Overexpression of Dlx3 inhibits GR-induced human αGSU promoter in LβT2 cells. A, Sequence overlap of the JRE and the GRE2. Sequence is shown from −124 to −97 of the human αGSU gene. The rounded box indicates the sequence of CRE2, squared box indicates the JRE sequence, and the oval indicates the full GRE2 with both 6-bp half-sites and the 3-bp spacer. B, Either pCI empty vector or Dlx3 expression vector (100 ng) was overexpressed in LβT2 cells that had been transiently transfected with 1.8-kb αGSUluc and the GR expression vector. The cells were serum starved overnight and then treated for 24 h with 100 nm Dex. Data represent the mean ± sem of at least three experiments performed in triplicate and are presented as fold induction relative to the vehicle control.

Figure 8

GnRH and activin modulate Dex-induced human αGSU gene expression synergistically. The 1.8-kb αGSUluc reporter gene was transiently transfected into LβT2 cells with or without overexpression of GR (200 ng).

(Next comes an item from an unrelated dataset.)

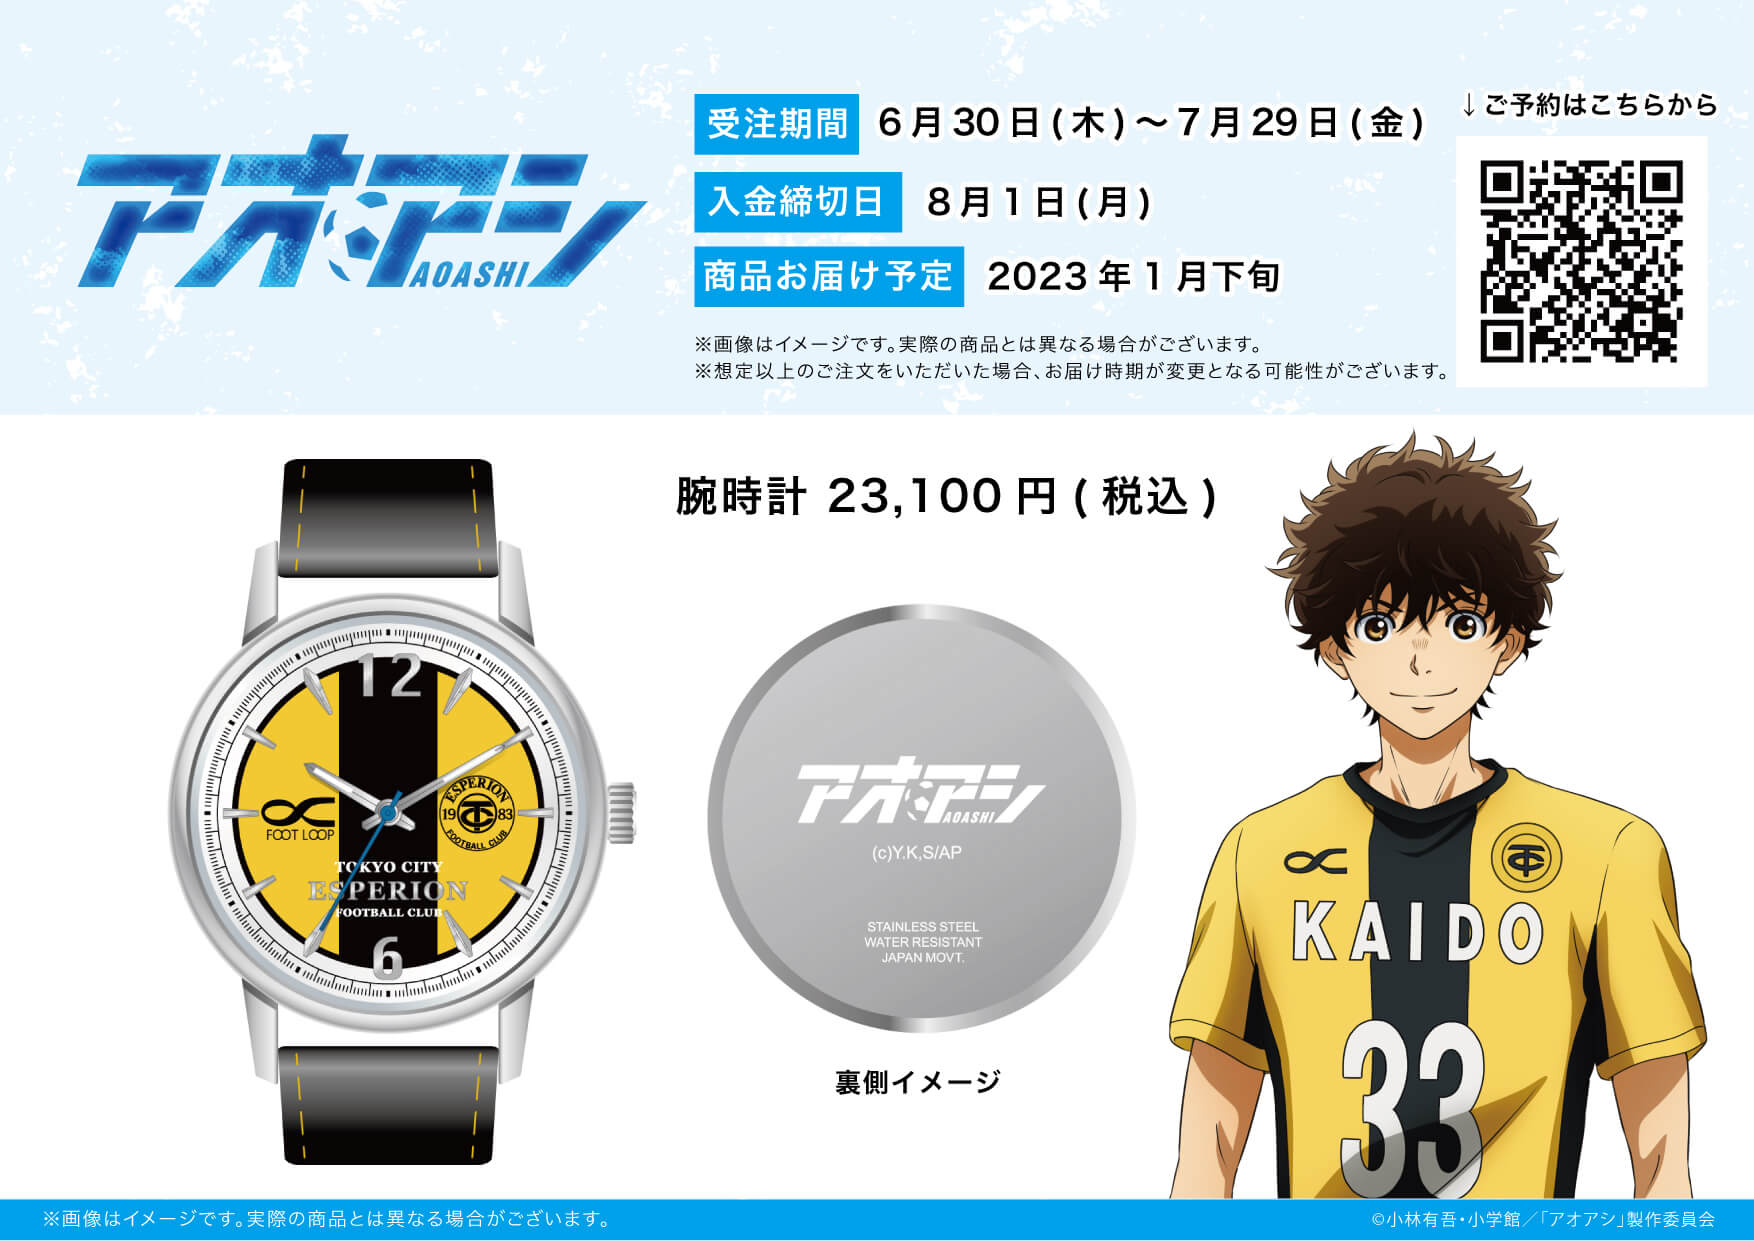 アニメ アオアシ の腕時計が発売開始 新作グッズは東京シティ エスペリオンユースのユニフォームをイメージしたデザインに Eeo Today

Cells were serum starved overnight and then treated for 24 h with vehicle, 100 nm Dex, 10 nm GnRH, 10 ng/ml activin, 100 nm Dex with 10 nm GnRH, or 100 nm Dex with 10 ng/ml activin. Data represent the mean ± sem of at least three experiments performed in triplicate and are presented as fold induction relative to the control. Daggers (†) represent synergy between hormone treatments by two-way ANOVA, and asterisks (*) represent significant induction by hormone by one-way ANOVA, P < 0.05.